Допускаю, что определенному типу лиходеев противопоказано достигать покоя и благополучия — они теряют форму, стимул к жизни и деградируют. Возможна и другая, более глубокая причина — поставленный Скифом во главе консорциума, Рамирес оказался в совершенно чуждой ему роли — он был хватом, пройдохой, убийцей, но никаким не лидером. Дар его заключался в виртуозной подстройке под чужие ориентиры, а здесь требовалось задавать ориентиры другим — задача для Пиредры непосильная.
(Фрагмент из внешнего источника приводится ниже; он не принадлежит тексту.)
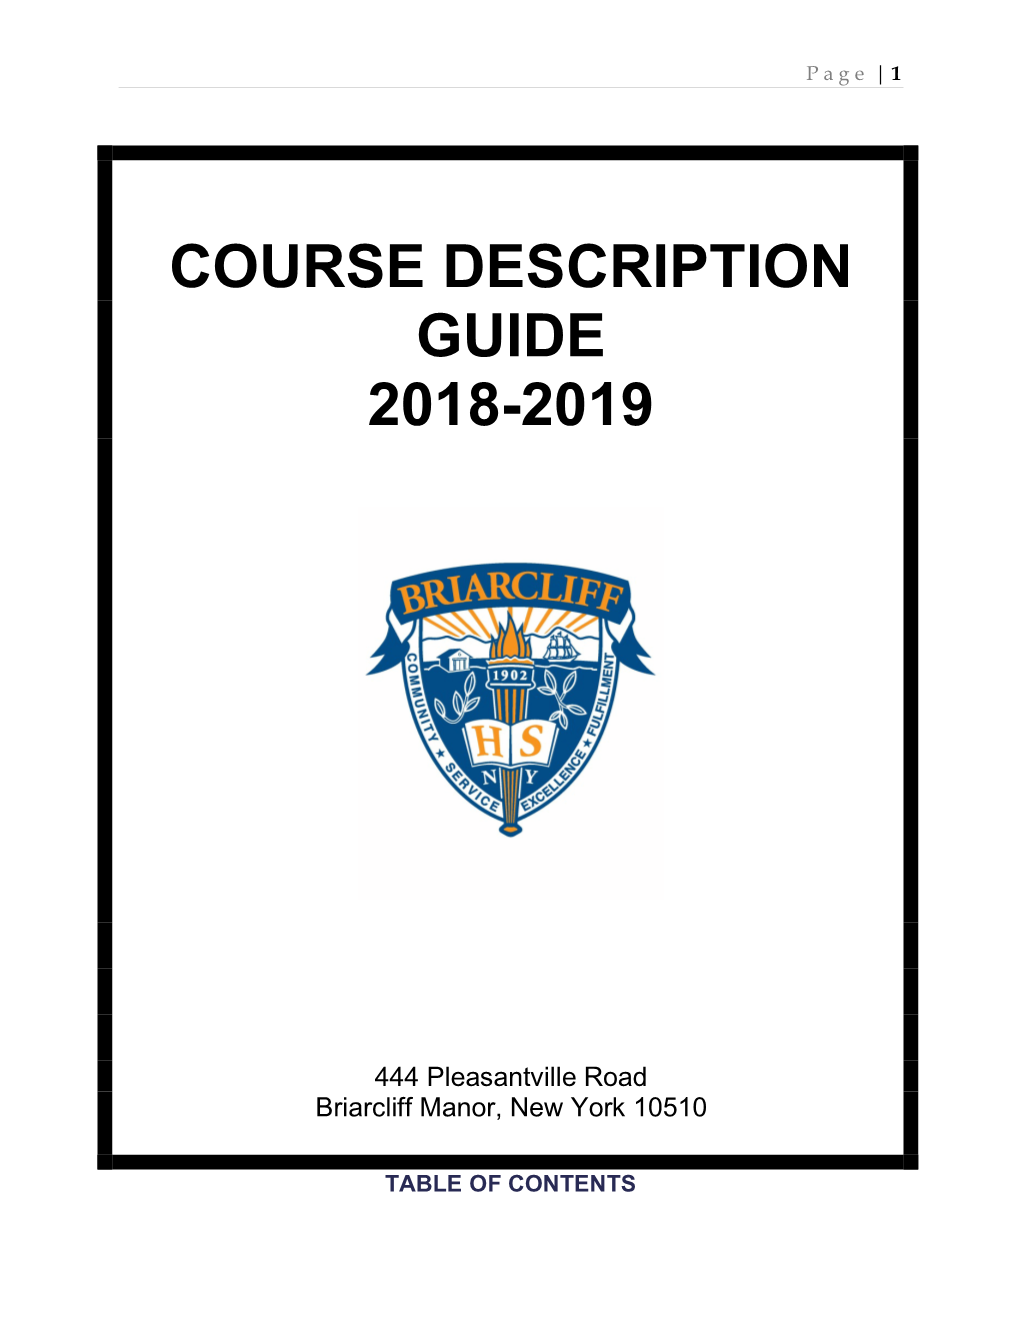 Course Description Guide 2018-2019

Или, может быть, гангстерская депрессия была вызвана внутренним раздором его натуры волка-одиночки с теми жесткими границами, в которые поместил его Скиф? До этих пор Рамирес был сам себе хозяин, а теперь — пусть и цепь золотая, и конура под серебряной крышей, а все по своей воле не придешь и не уйдешь.

Вероятно, что и сорокалетний перерыв сказался на его чутье не лучшим образом — за время отсутствия и мир, и люди чуть-чуть, но переменились, а прикус его инстинктов еще хранил довоенный закал. Неизвестно, какая из этих гипотез верна; охотно верю, что во мраке подсознания Пиредры могла скрываться какая-то еще более невероятная причина — мне ее не угадать, да и сам Рамирес ее не знал. Важно не это. Важно то, что из этого психологического сумбура последовало несколько очень конкретных выводов.

Теряя почву под ногами, выбитый из колеи, Рамирес приступил к осуществлению одного из самых парадоксальных своих решений. Он решил бежать. Вряд ли это стоит приписывать некоему вещему предчувствию скорого краха Скифова концерна — просто не смолкающий ни днем ни ночью глас заблудившейся интуиции приказывал уносить ноги, пока вышедшая из-под контроля ситуация не кончилась каким-то громом небесным. К черту все — Хельгу, музыку, положение — не первый раз. Адье, мои дорогие, я исчезаю и уложу как раз столько трупов, чтобы меня не только не нашли, но и не искали. Будьте здоровы, я уплываю, растворяюсь в глубинах космоса, и время несет меня с края на край.